But maybe that doesn't matter for games with a low client count.
Actually, it doesn't matter even for games with high client count :-). For modern games, "industry average" is currently around 100 players/core or 1000 players/2U Server, and with 10 TCP connections per player - we're speaking about 10000 TCP connections per that 2S/2U server box; with 8K buffers per TCP connection (which is less than default(!) - so needs to be adjusted using setsockopt()) - it is mere 80M of RAM, which is pretty much nothing by today standards.
The first point is a non-issue. WebSockets don't count towards the connection limit, at least not according to my tests in Chrome. I doubt it would in other browsers too but I haven't tested yet.
There does appear to be a global limit, but if you need to open 255 WebSockets you've got a different problem.
Depending on your game, reliable+ordered UDP does not need to mean head-of-line blocking.
In a generic RUDP protocol that needs to be true, but for a specific game it does not need to be. My game, inpired by the old Q3 protocol, has no head-of-line blocking despite being reliable+ordered.

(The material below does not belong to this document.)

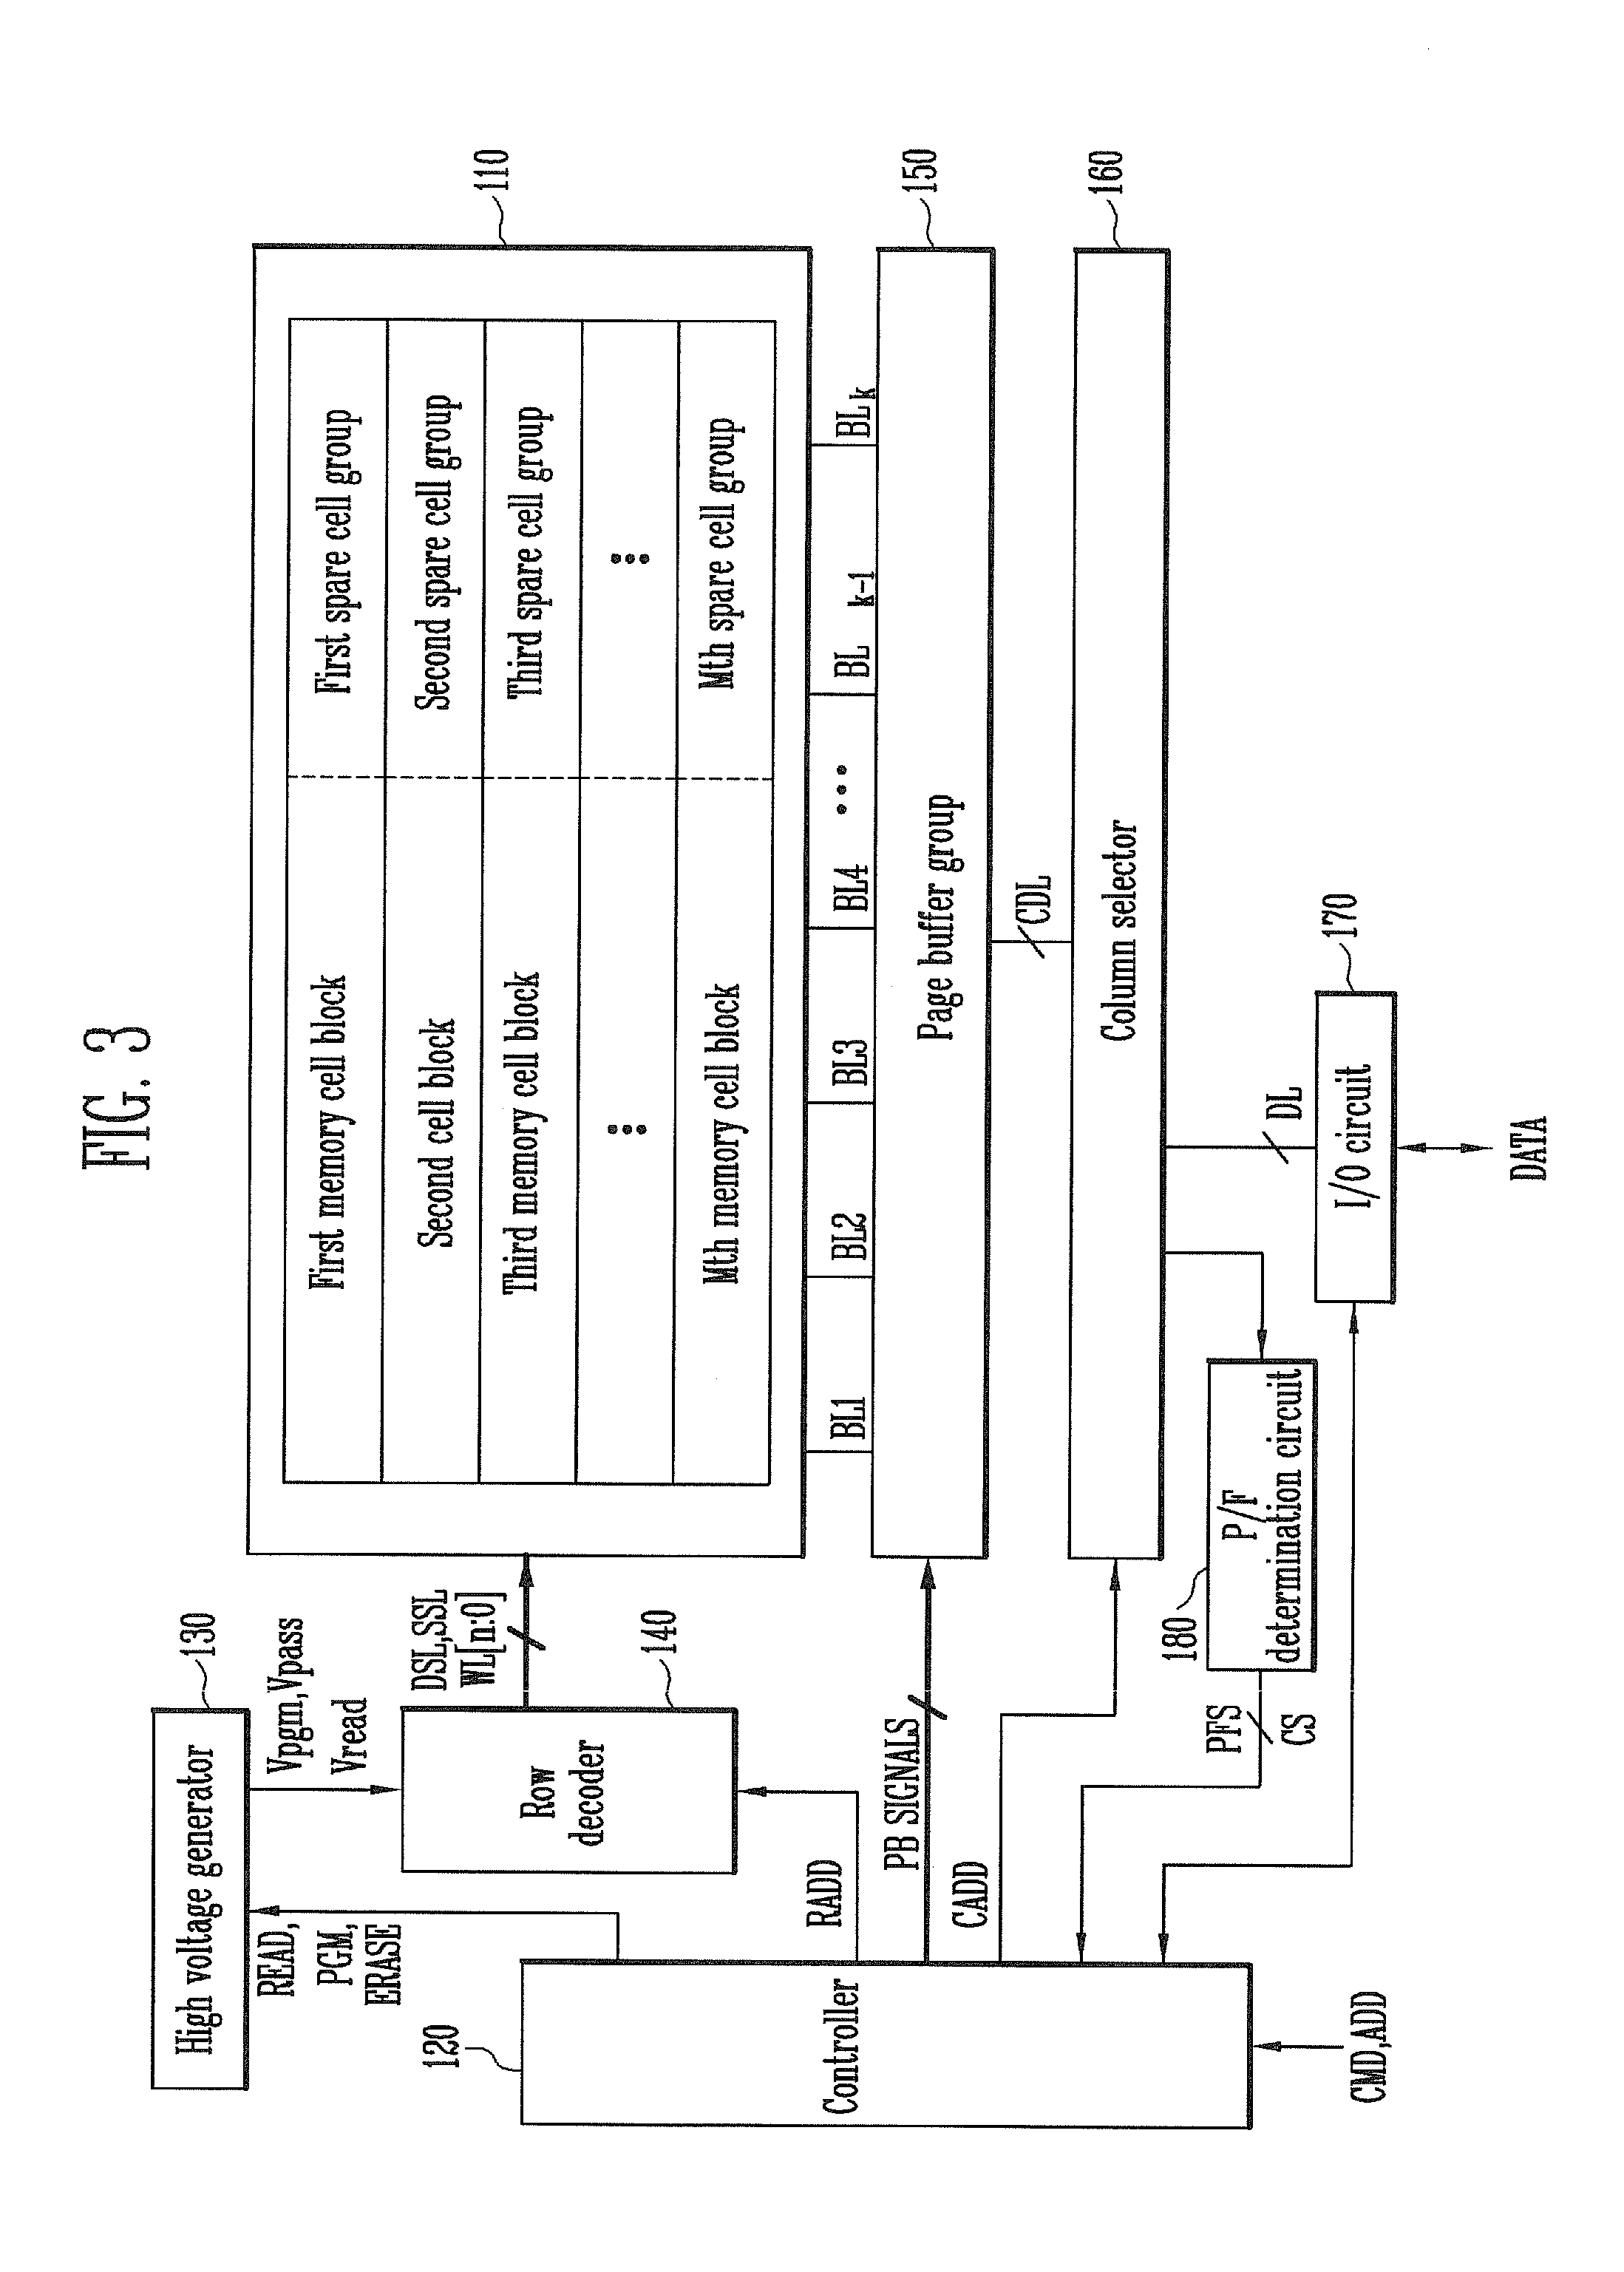 Memory system and method of operating the same

Uh, isn't HoL blocking entirely controlled by the routers in the network, and unrelated to the transport-layer protocol? Unless he's referring to a different HoL blocking
Being pedantic here, but the title here doesn't make sense I think. Both UDP and TCP are protocols used to transfer information over IP. But as far as I know neither uses the other.
Edit: pedantic note
The title is a bit hard to understand. What he means is Tunneling UDP over TCP if UDP is not available in your current network.
Ah, that makes more sense. Thanks.
Sounds like a bad idea bunny man, you don't need reliable delivery for games, old data is not useful
But you need delivery. It's not about beeing reliable. its about people sitting behind firewalls who can't use UDP
EDIT: I fucked up
You do need reliable delivery for some things. If the player sends a single frame input or command to the server, I expect it not to be dropped. Regardless, this is not about reliability, it's about tunneling.
The fact that the packet can show up later is a side effect rather than an intended one.
"...I have only kinda-demonstrated its correctness, not tried it."
Well, there ya go, sport.